• **Work required**: Look through the listing below for the line containing "Geopolitical Risk and". Copy it and each line after it up to and including the line containing "NHS staff to", exactly, leaving out pictures.

• **Dataset records**:
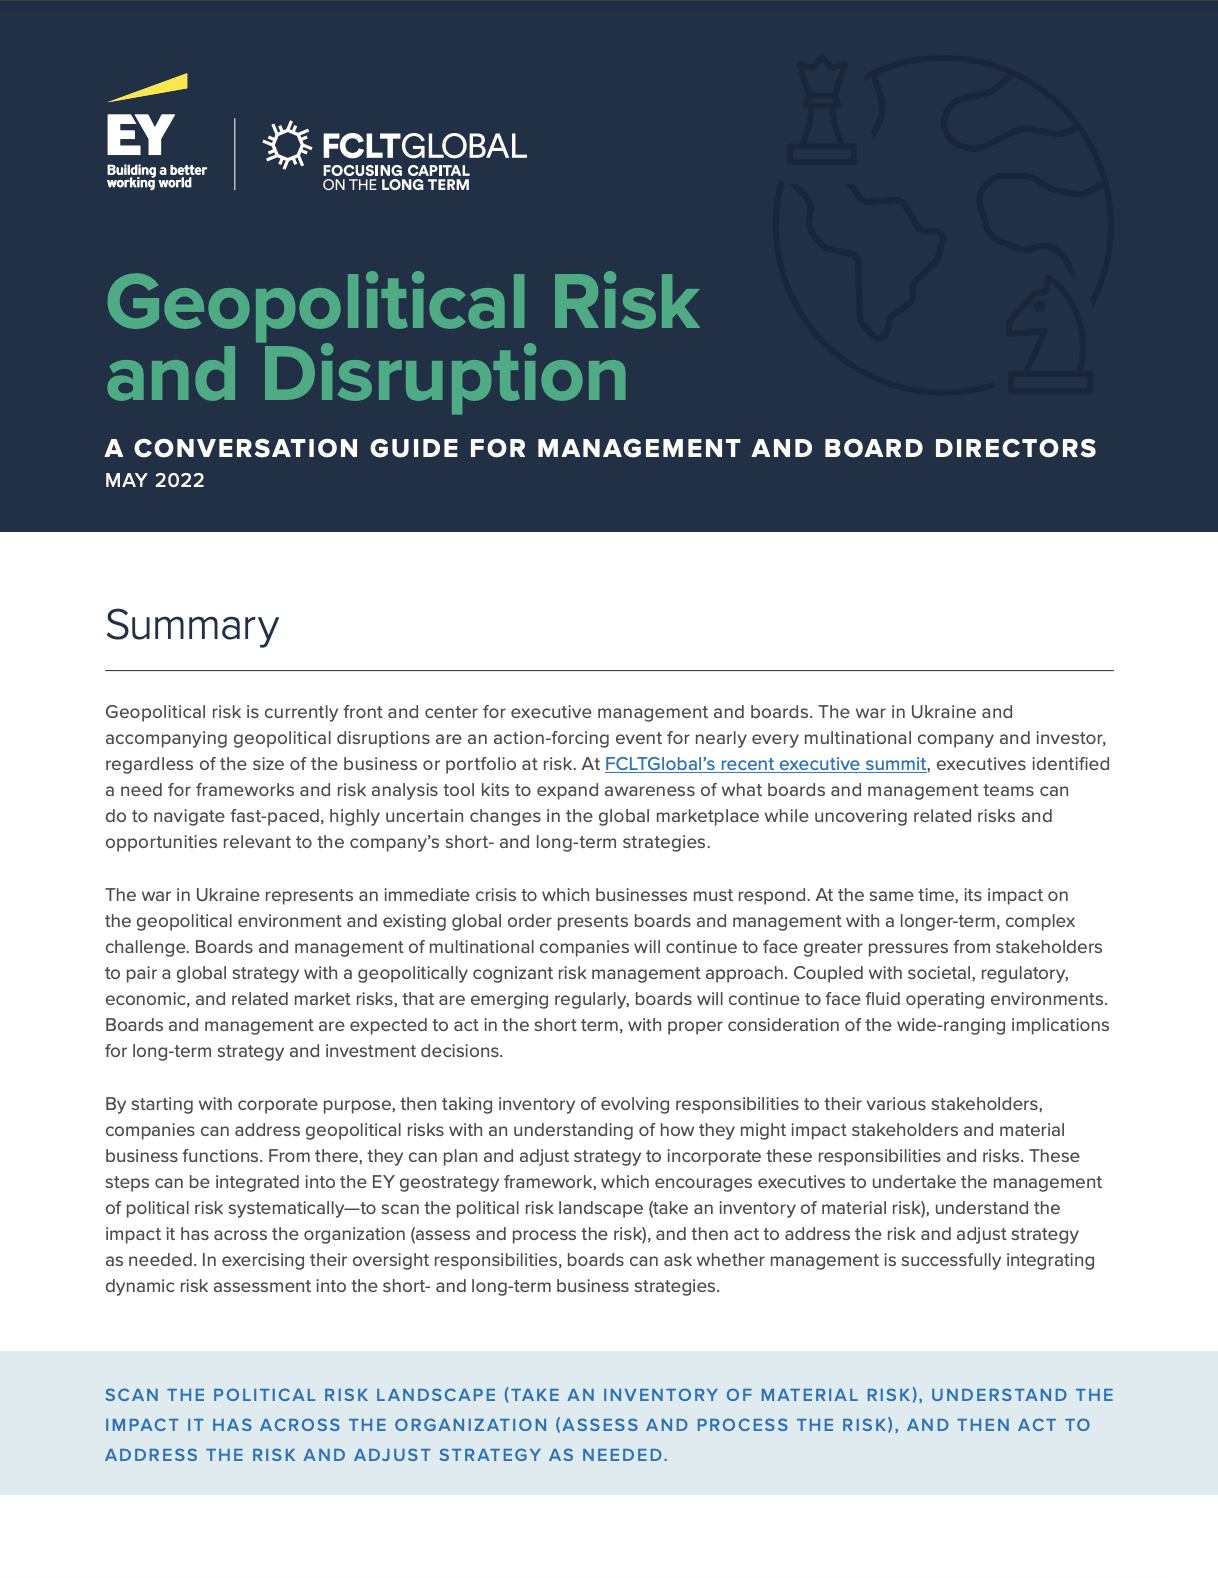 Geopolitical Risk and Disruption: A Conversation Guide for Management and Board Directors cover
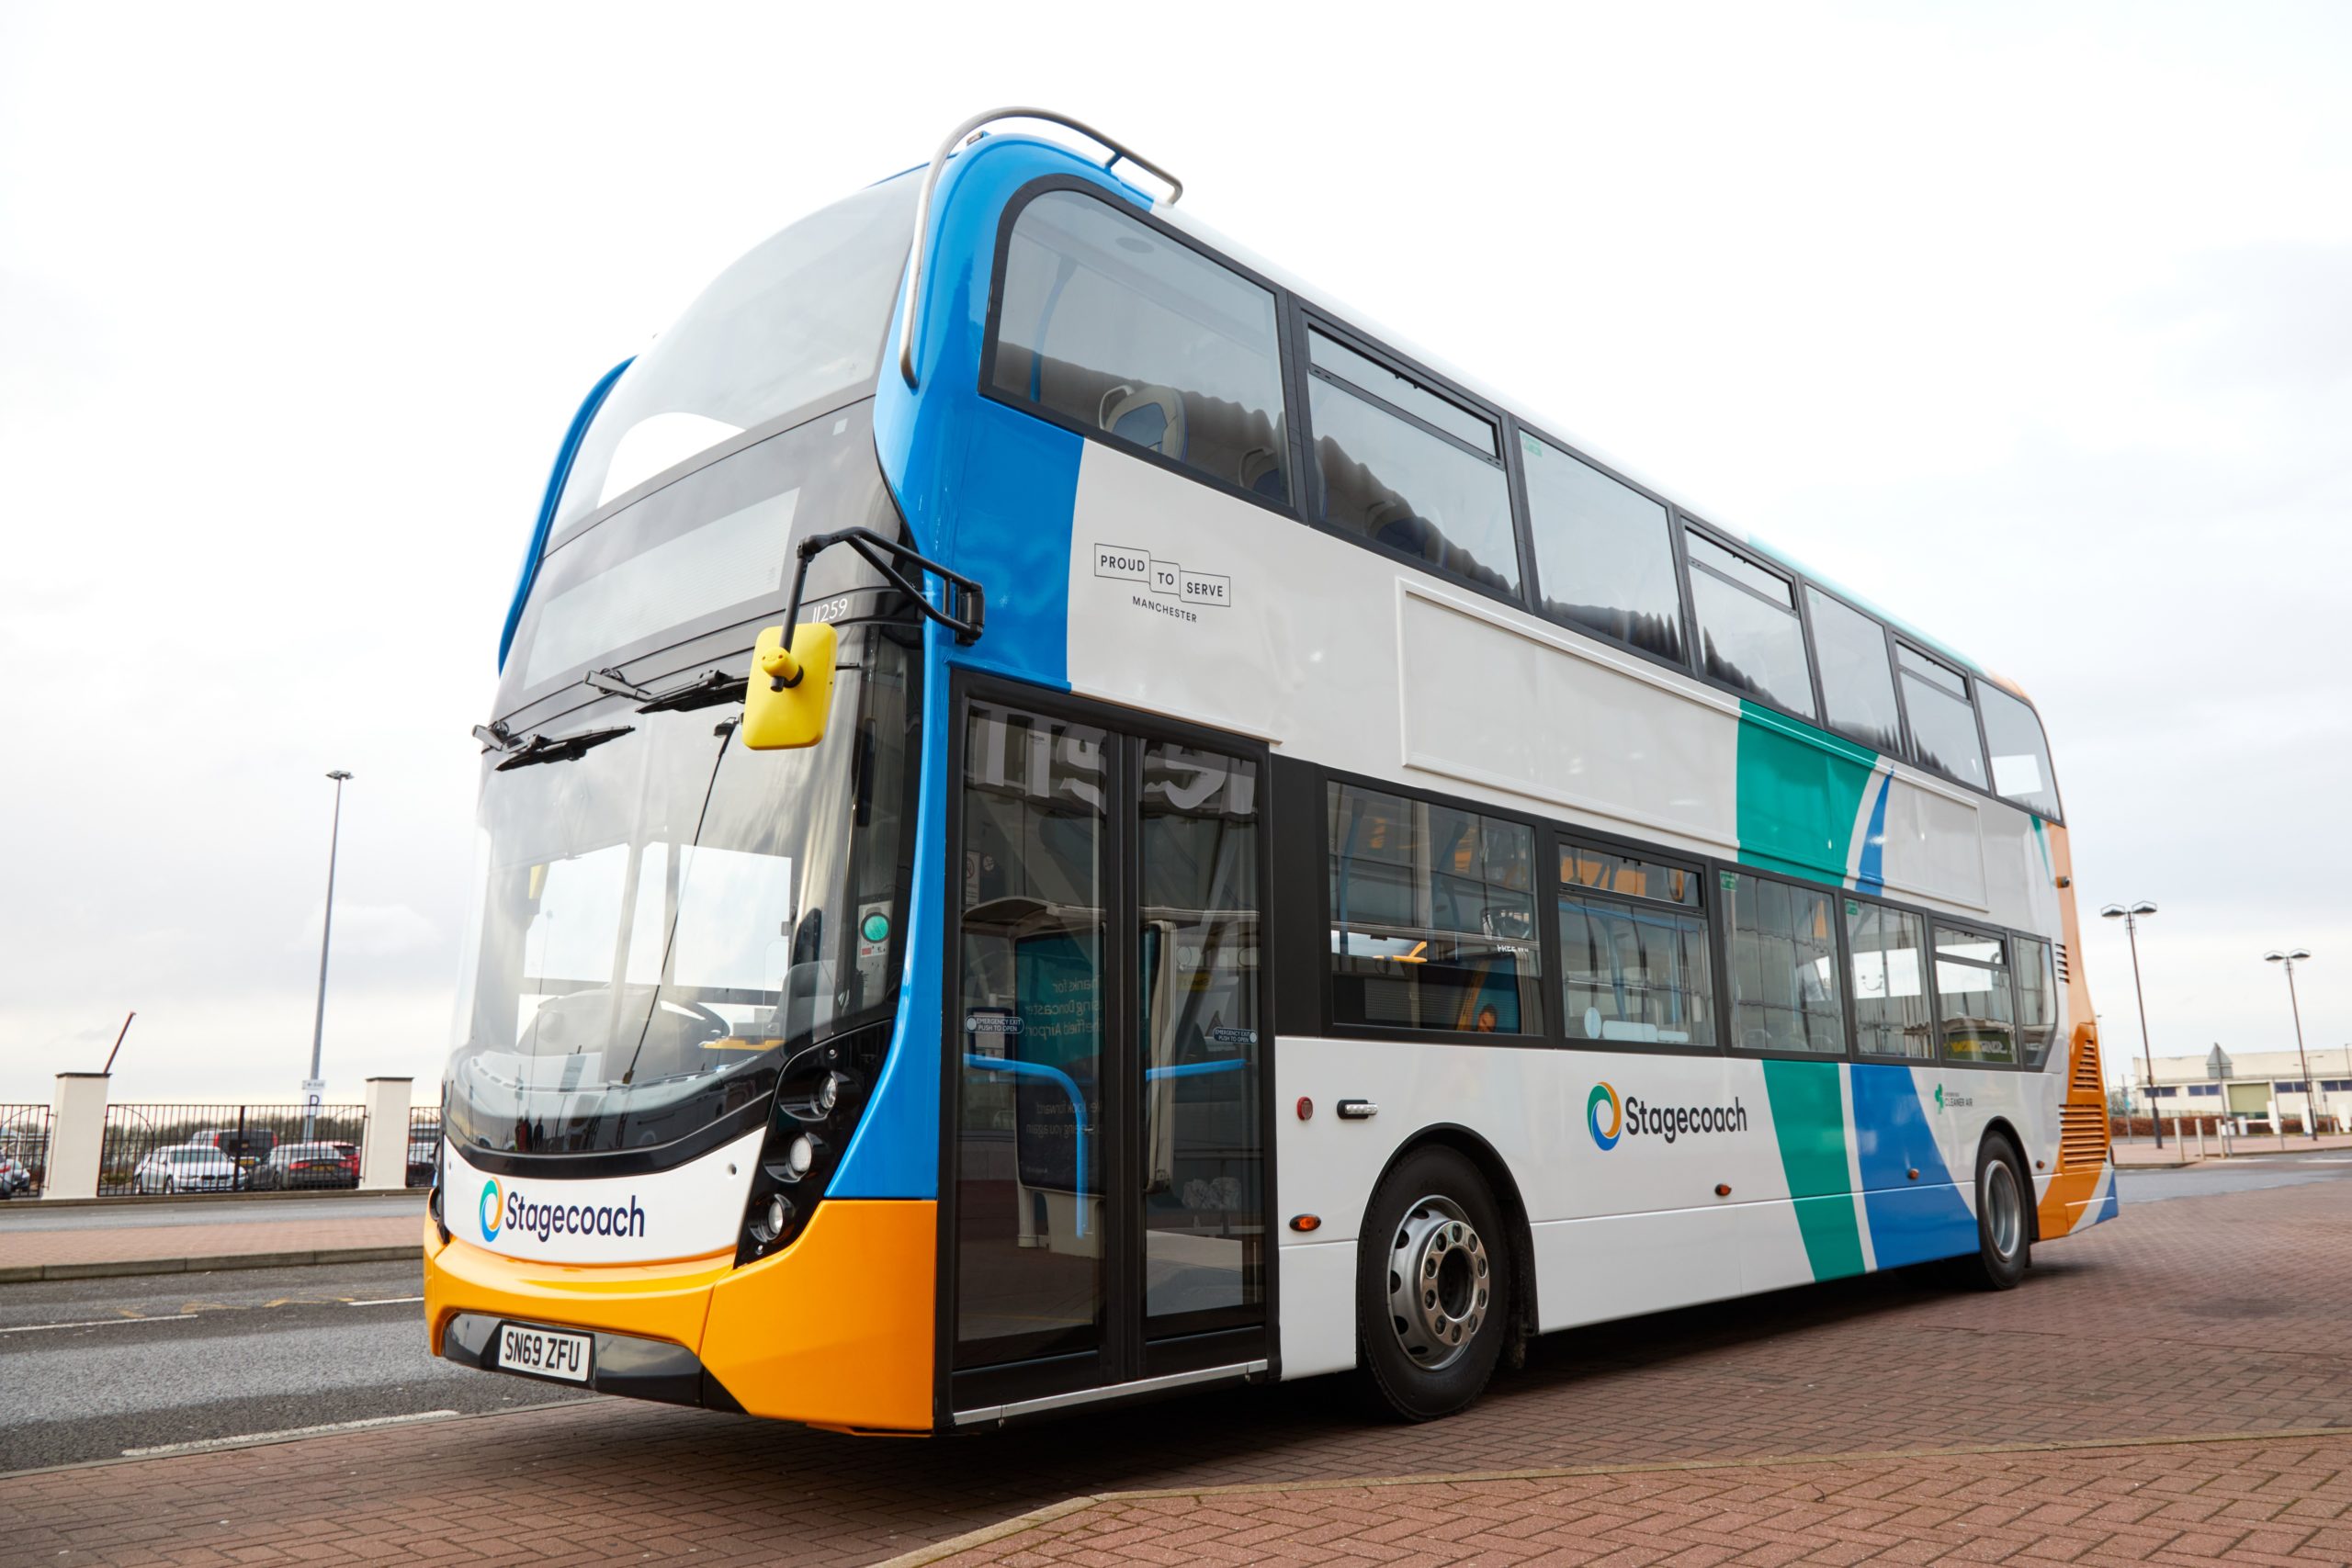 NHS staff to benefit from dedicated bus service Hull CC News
* * *
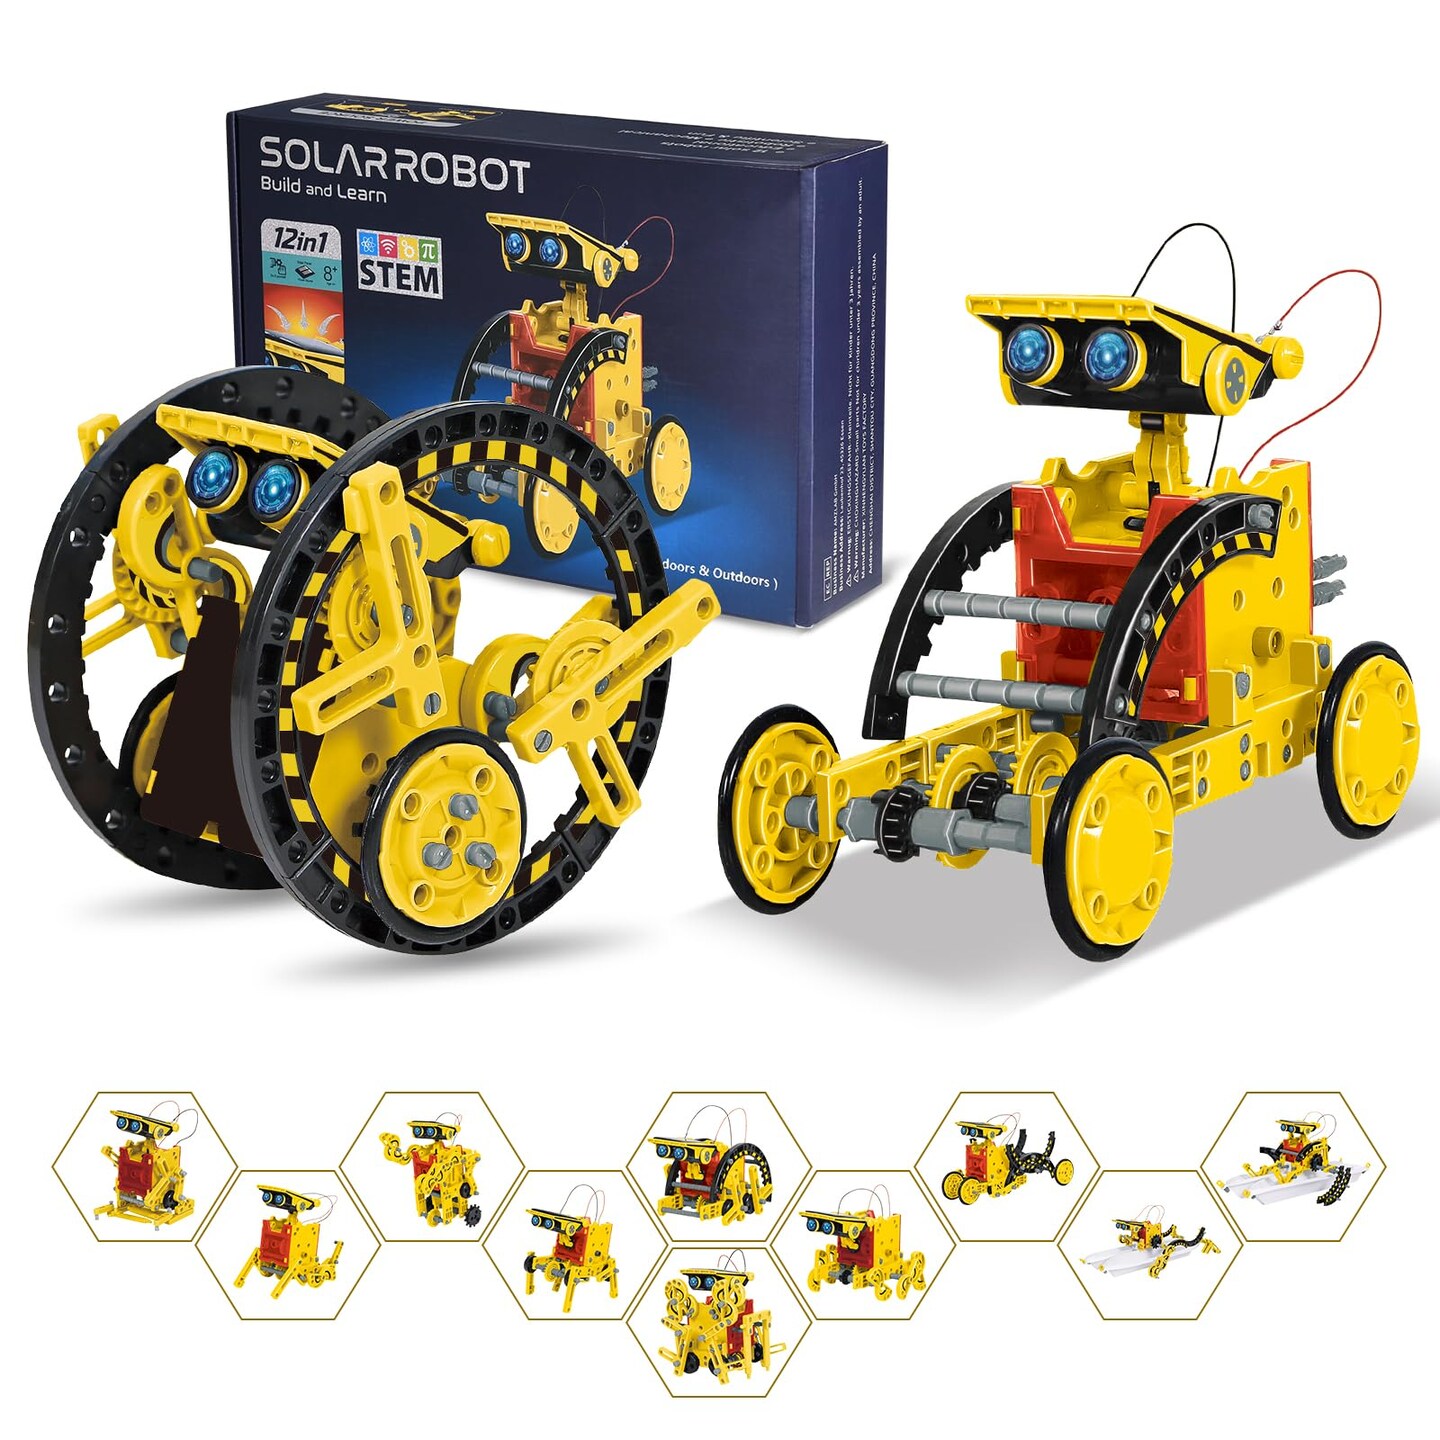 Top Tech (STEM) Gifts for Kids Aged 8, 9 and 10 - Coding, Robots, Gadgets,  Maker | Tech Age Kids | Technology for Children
--
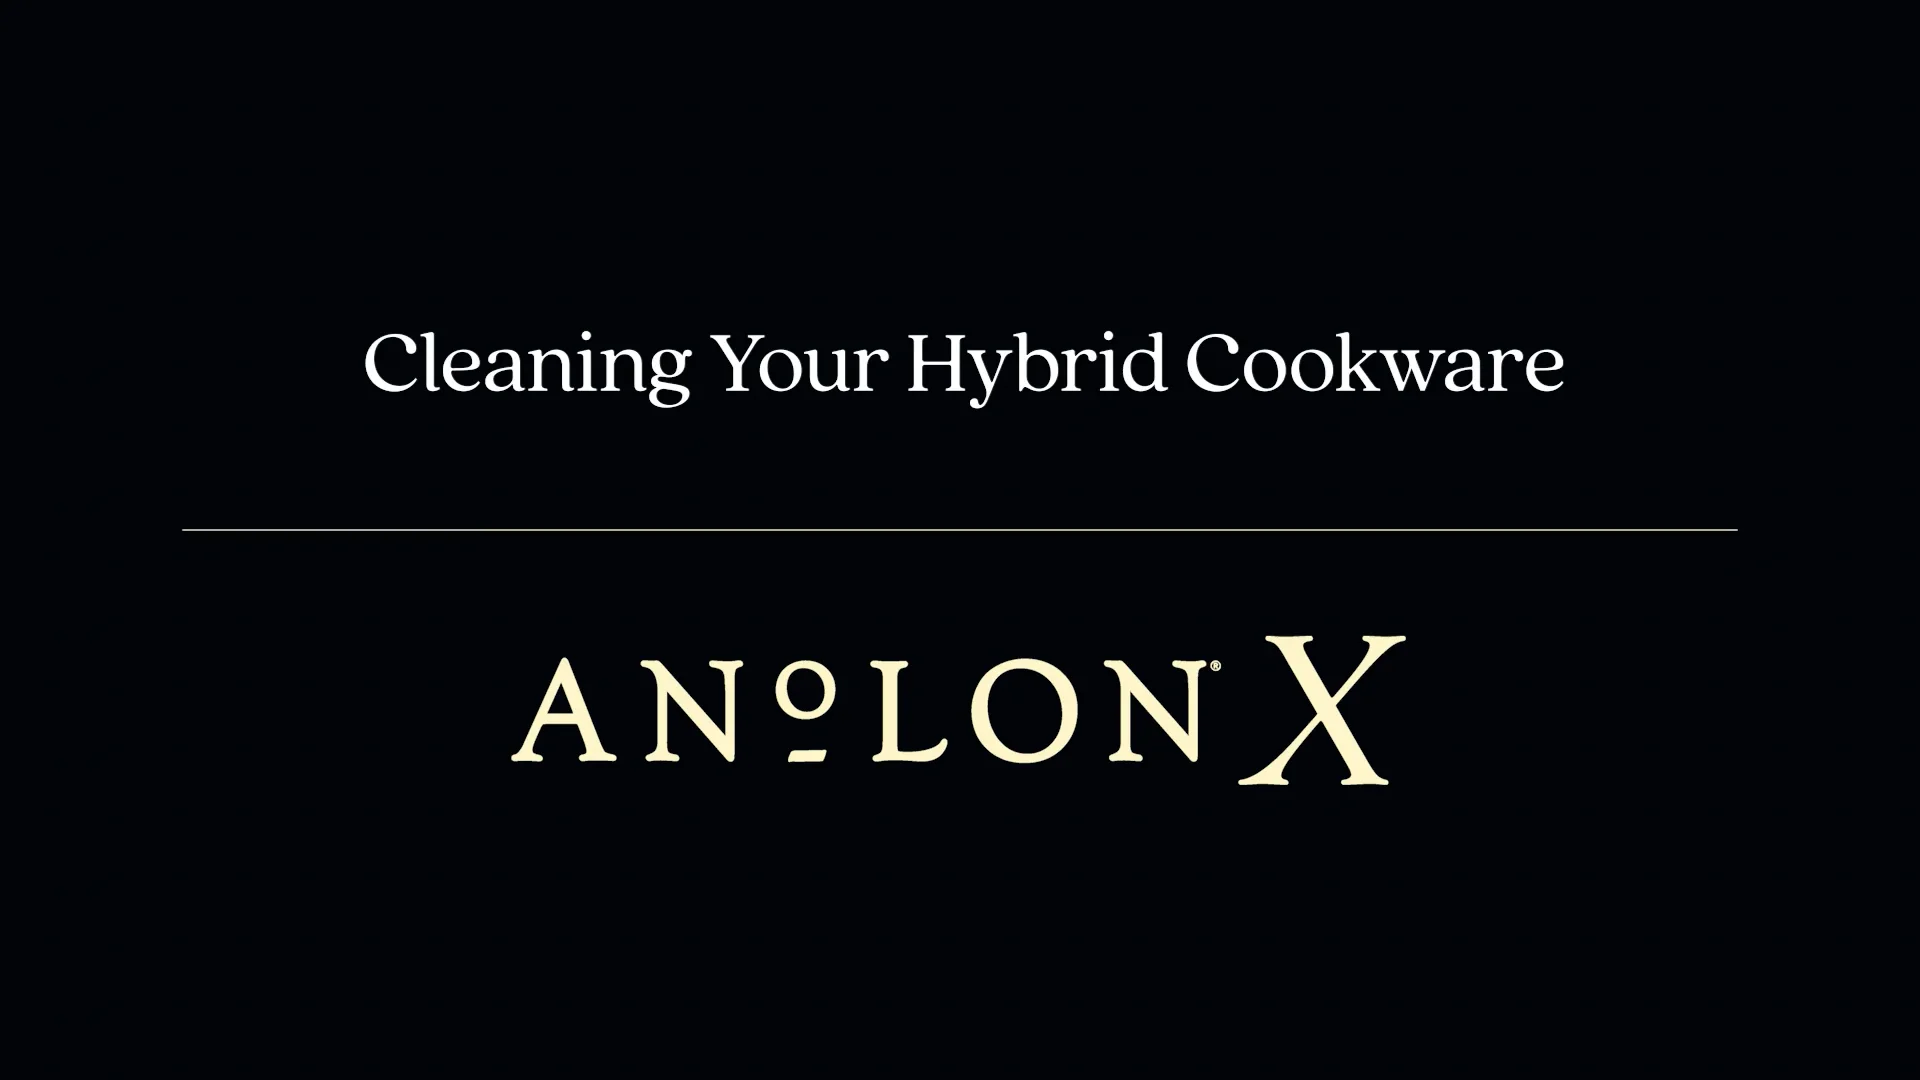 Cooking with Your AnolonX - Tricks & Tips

• **Response to this exercise**:
 Geopolitical Risk and Disruption: A Conversation Guide for Management and Board Directors cover
 NHS staff to benefit from dedicated bus service Hull CC News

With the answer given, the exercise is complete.